Segment Start: RECORD SET

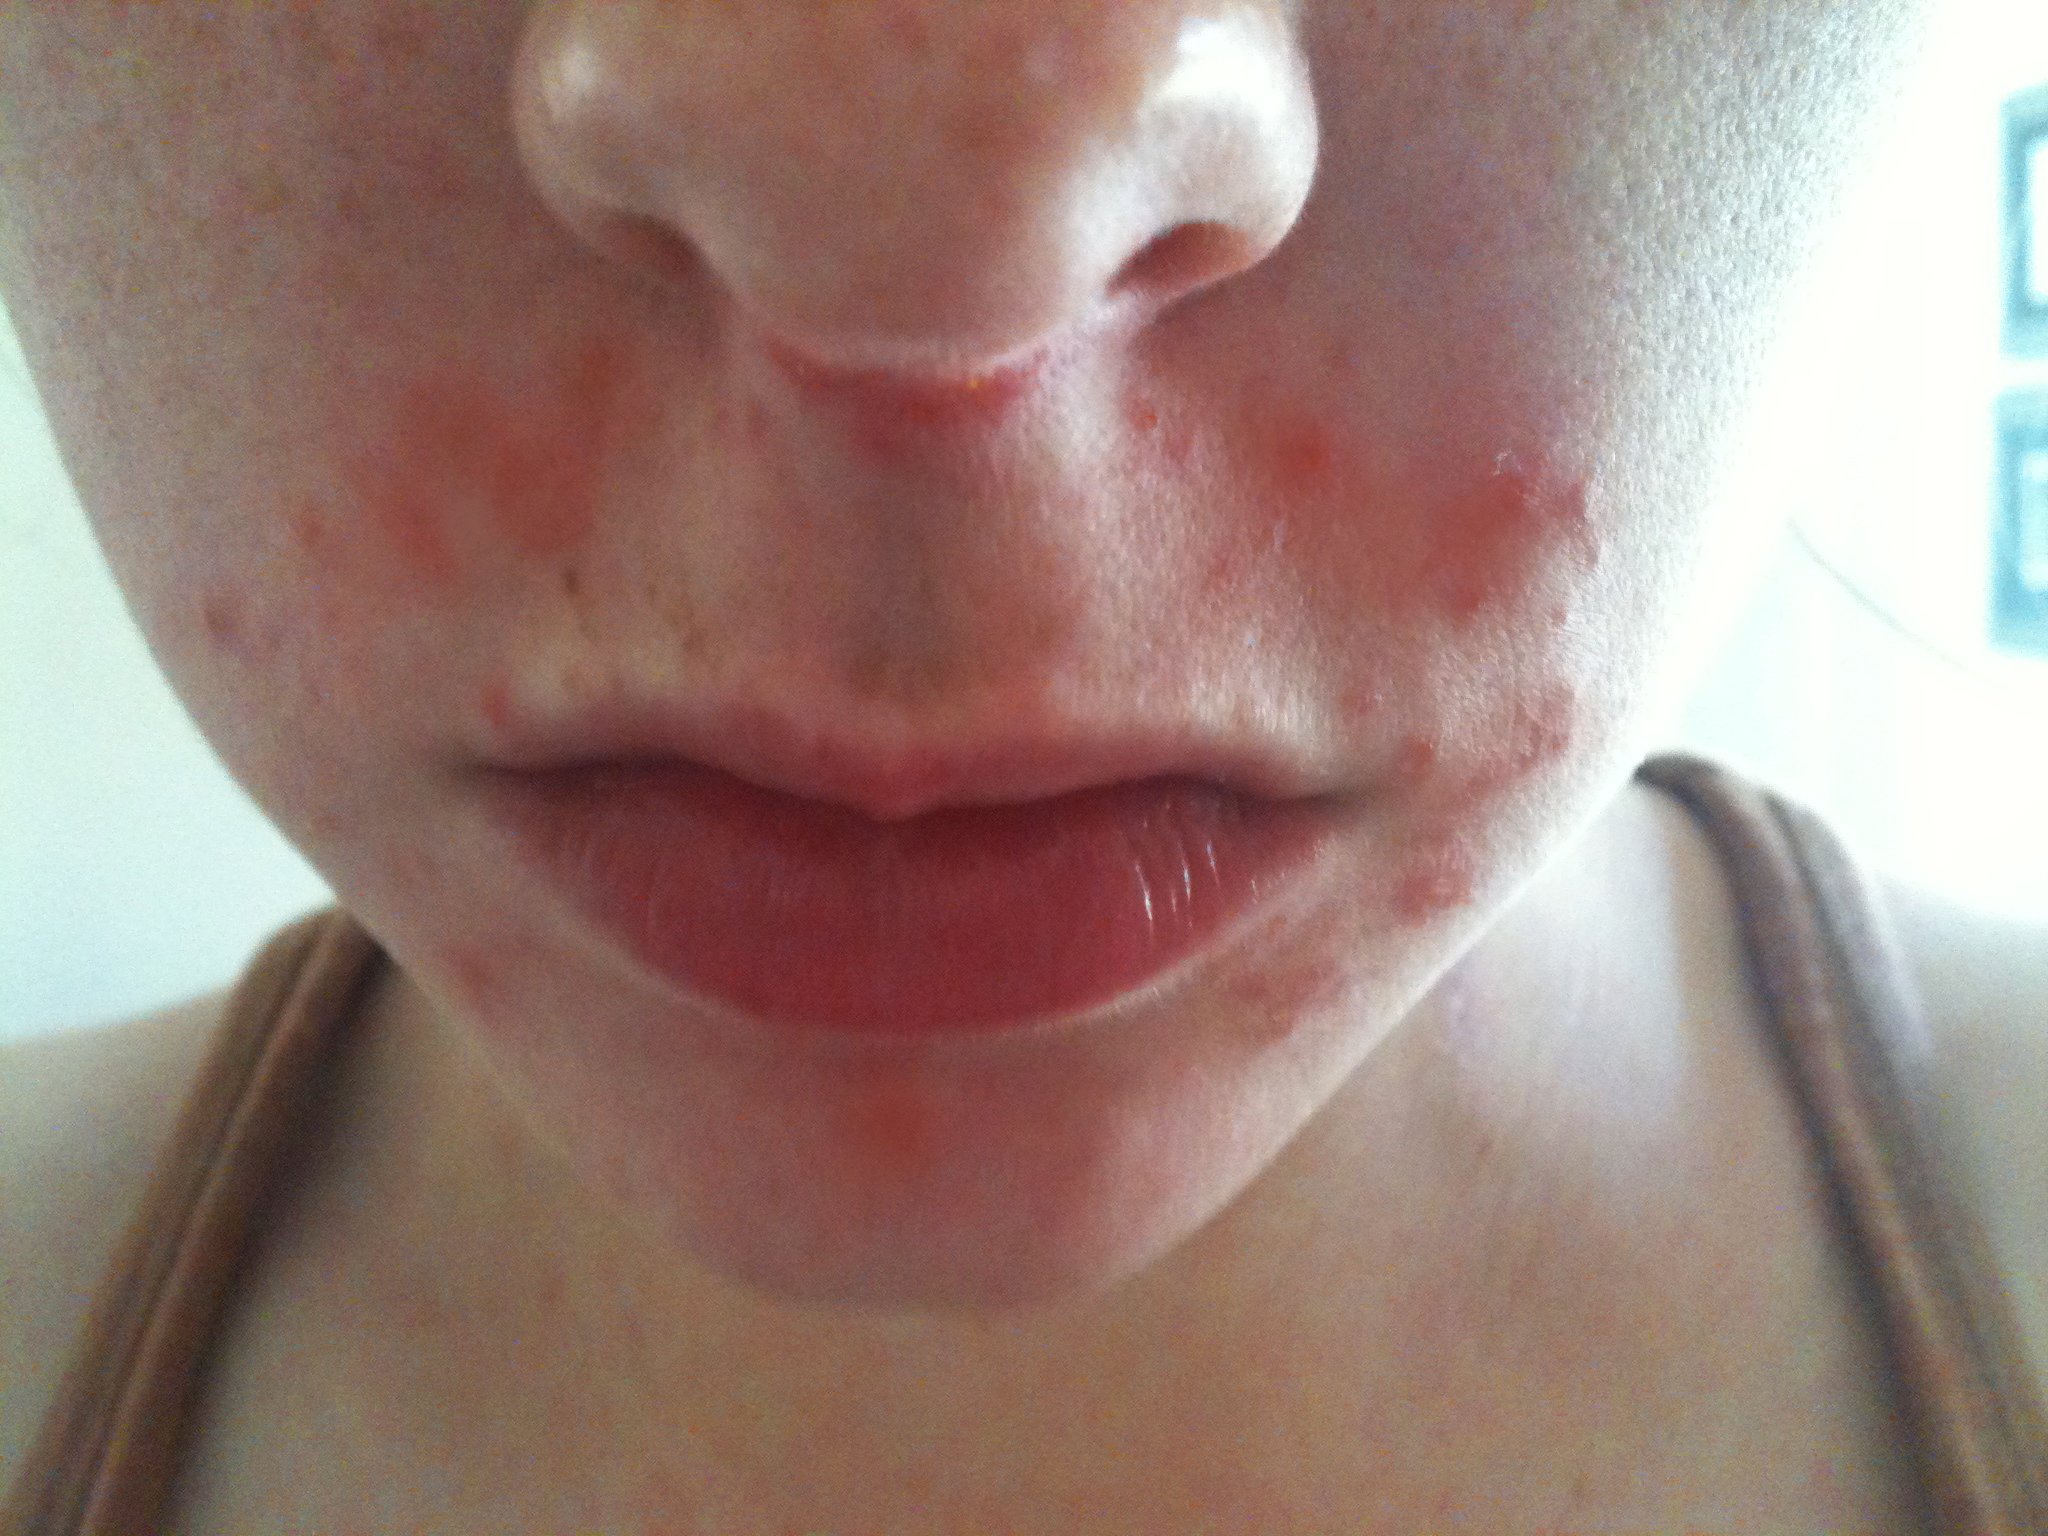 i have had persistent perioral dermatitis around my nose and
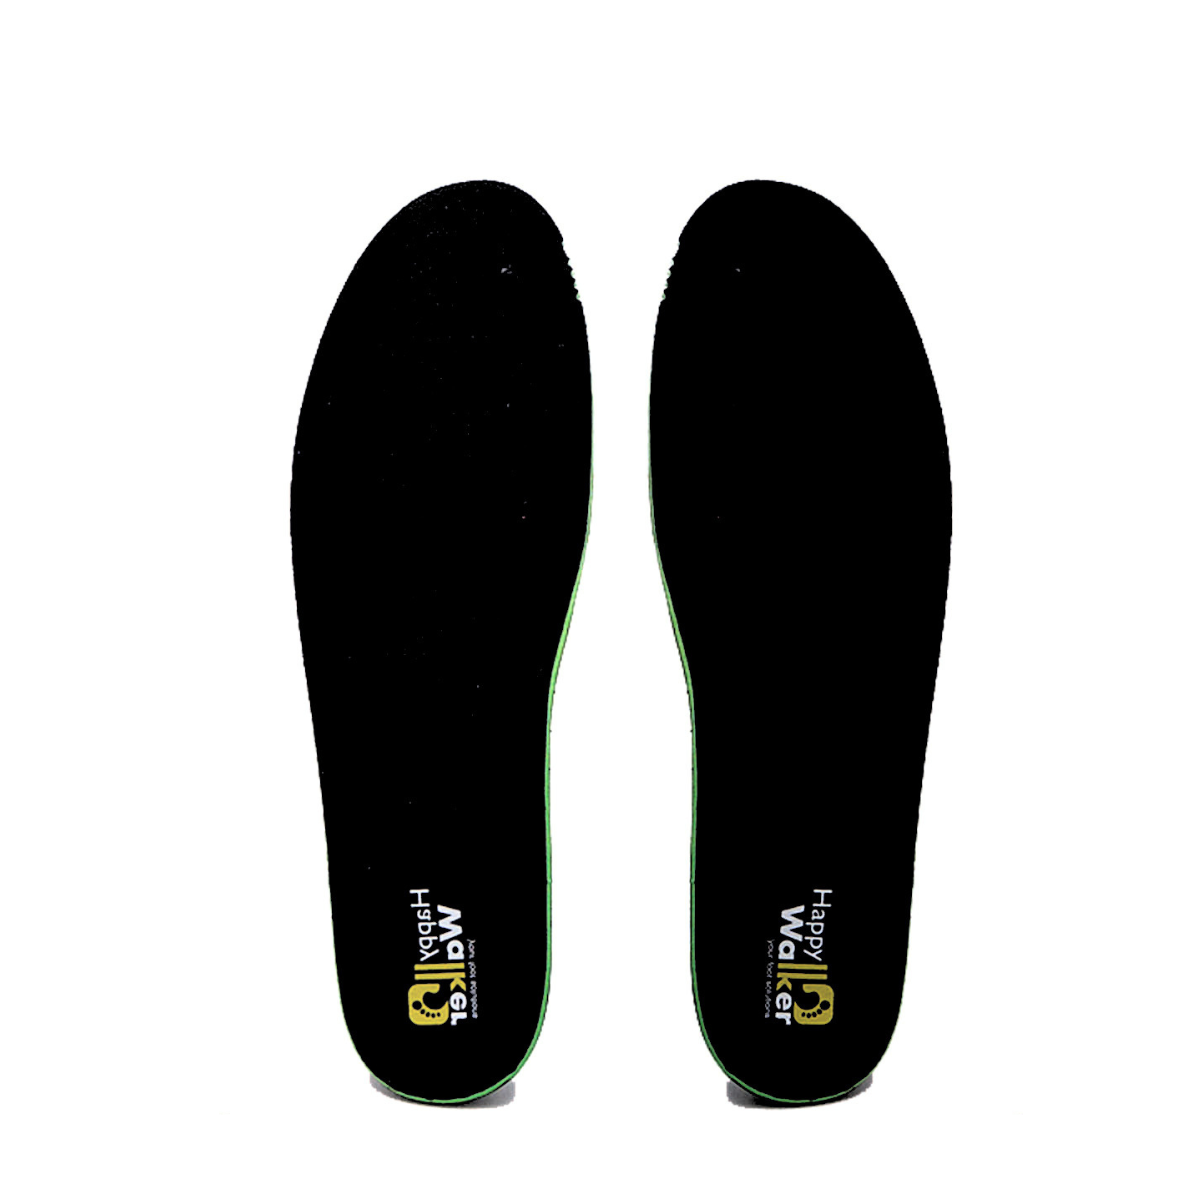 Orthopedic High Arch Insoles-Black
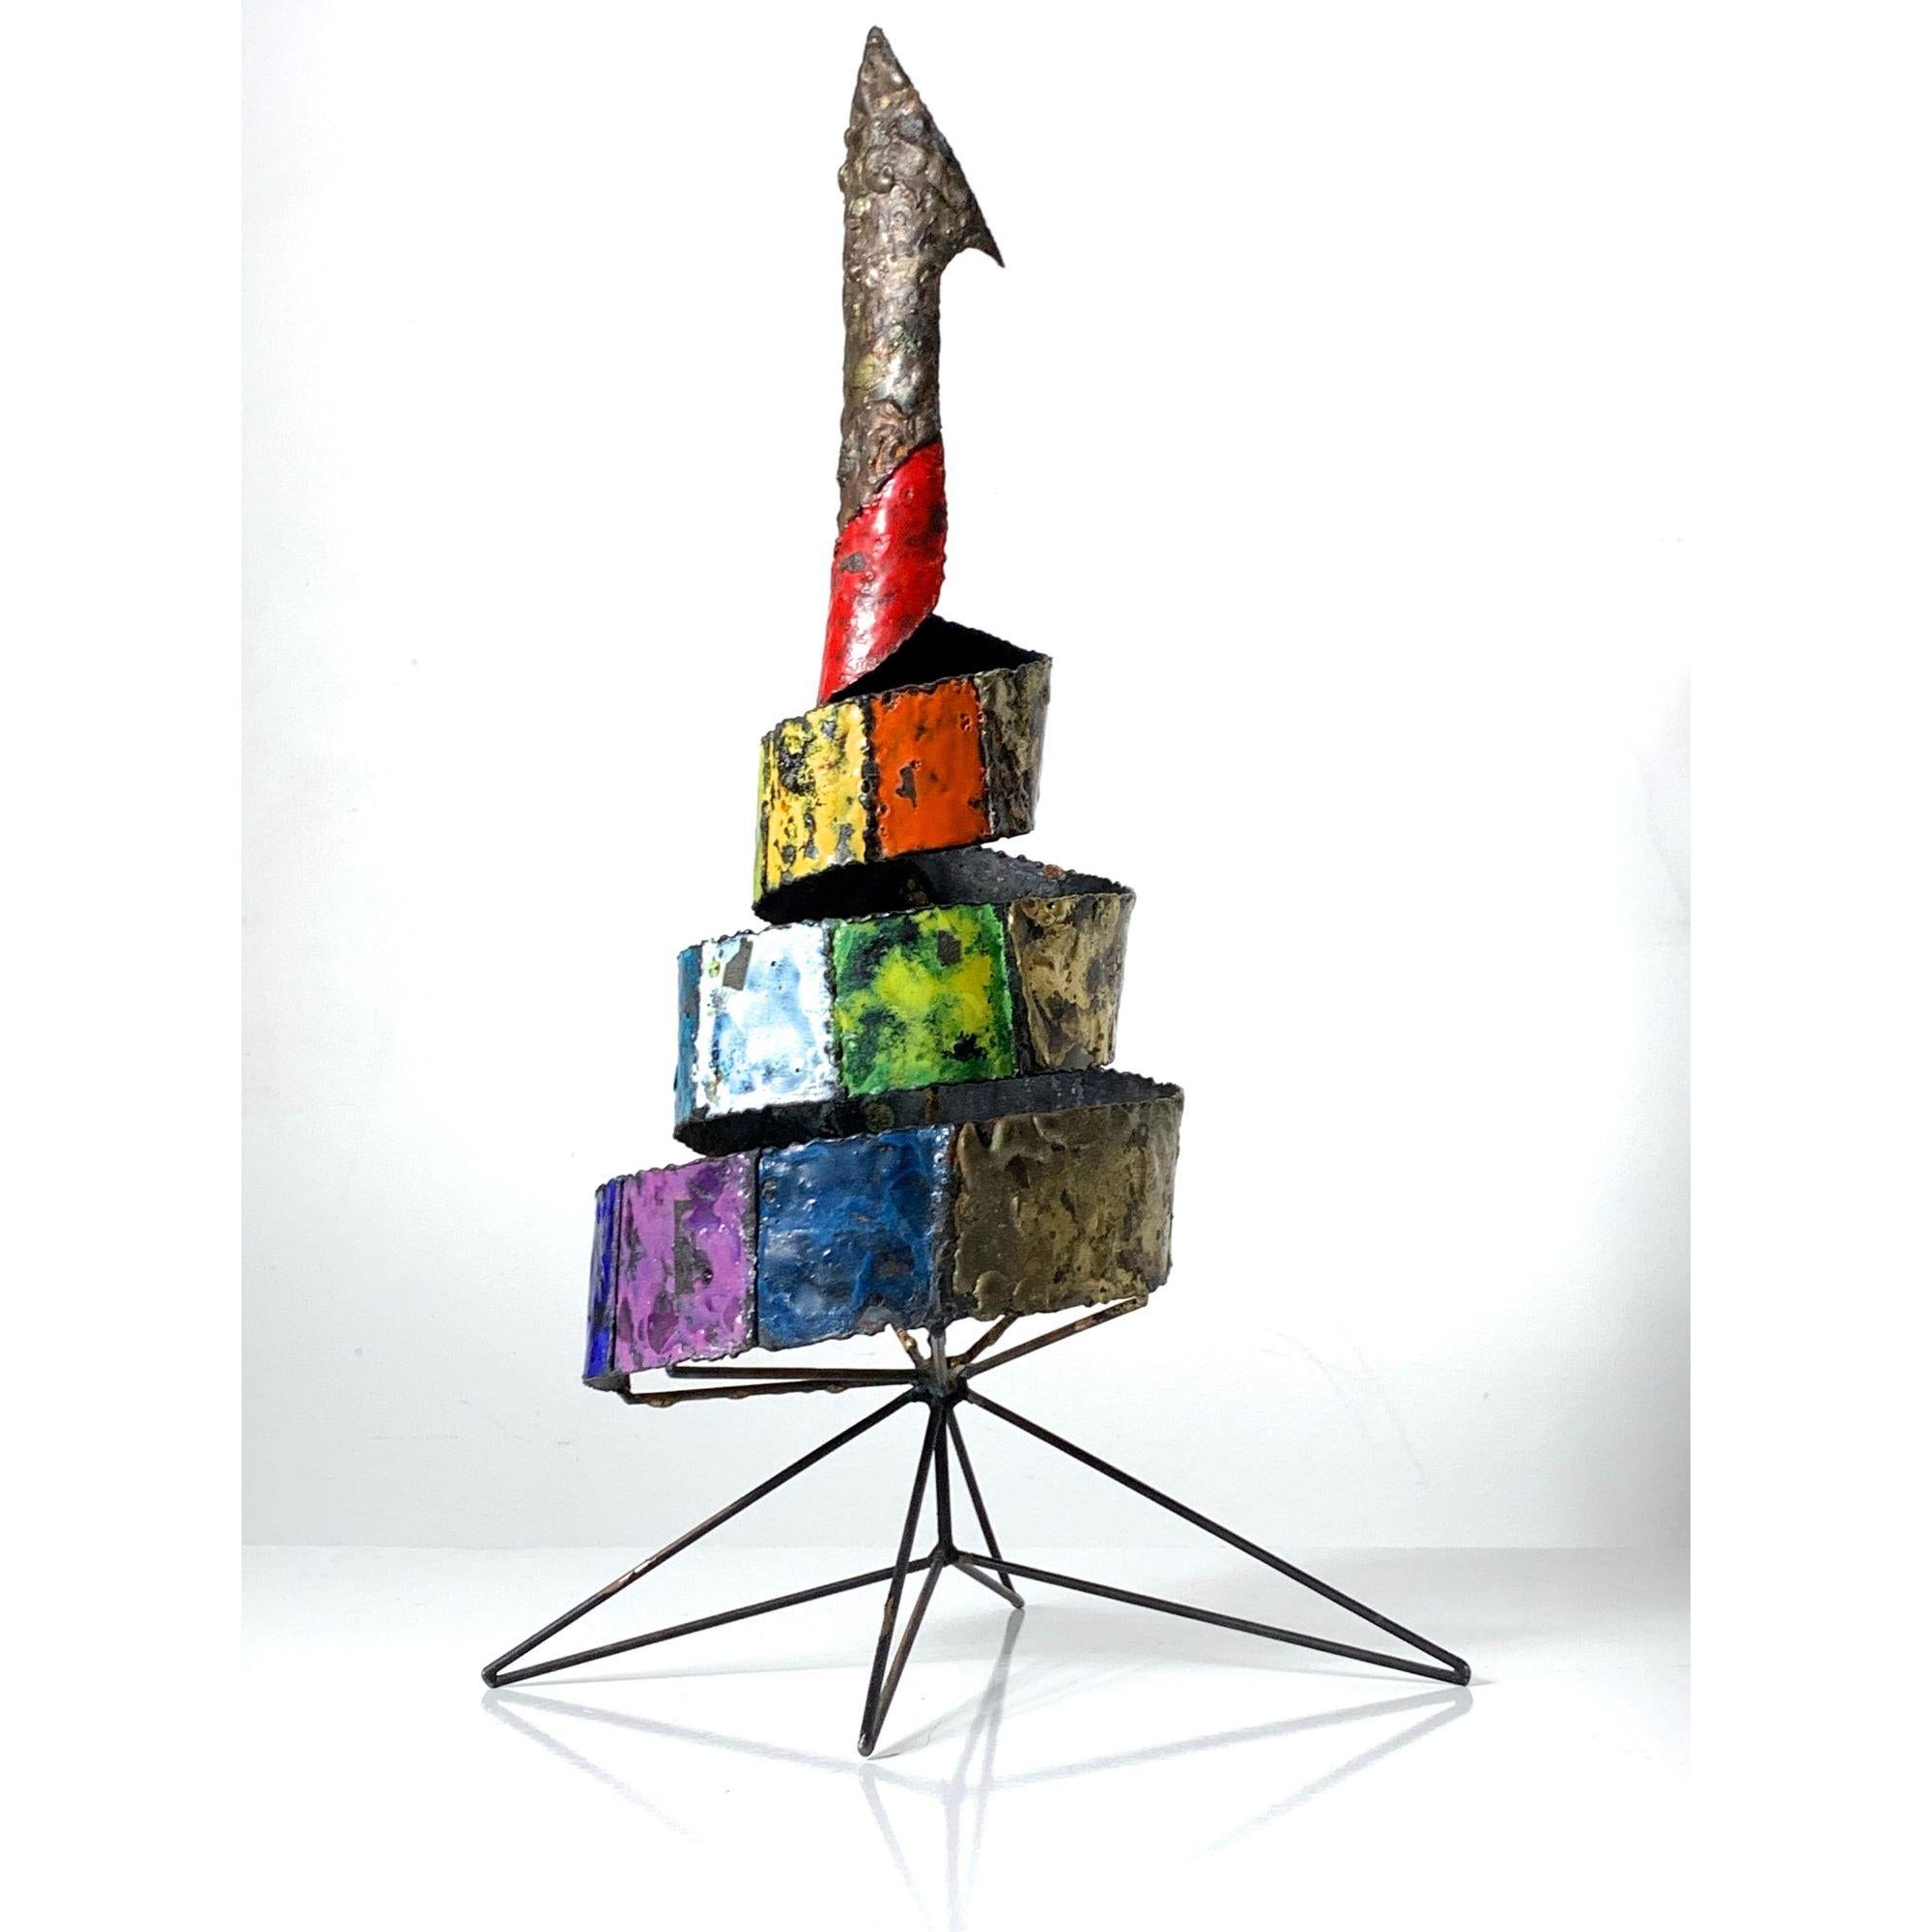 Vintage Abstract Enamel Metal Sculpture 1960s

Unique abstract metal sculpture circa 1960s. 
Spiral ribbon form with colorful blocks of applied enamel and melt coat brass on iron hairpin base.
Unsigned.

Additional Information:
Materials: Brass and

Segment End: RECORD SET

* **PROBLEM DETAILS**: Transcribe every entry word for word, excluding images.

* **THE COMPLETED TASK**:
 i have had persistent perioral dermatitis around my nose and
 Orthopedic High Arch Insoles-Black
 Vintage Abstract Enamel Metal Sculpture 1960s

Unique abstract metal sculpture circa 1960s. 
Spiral ribbon form with colorful blocks of applied enamel and melt coat brass on iron hairpin base.
Unsigned.

Additional Information:
Materials: Brass and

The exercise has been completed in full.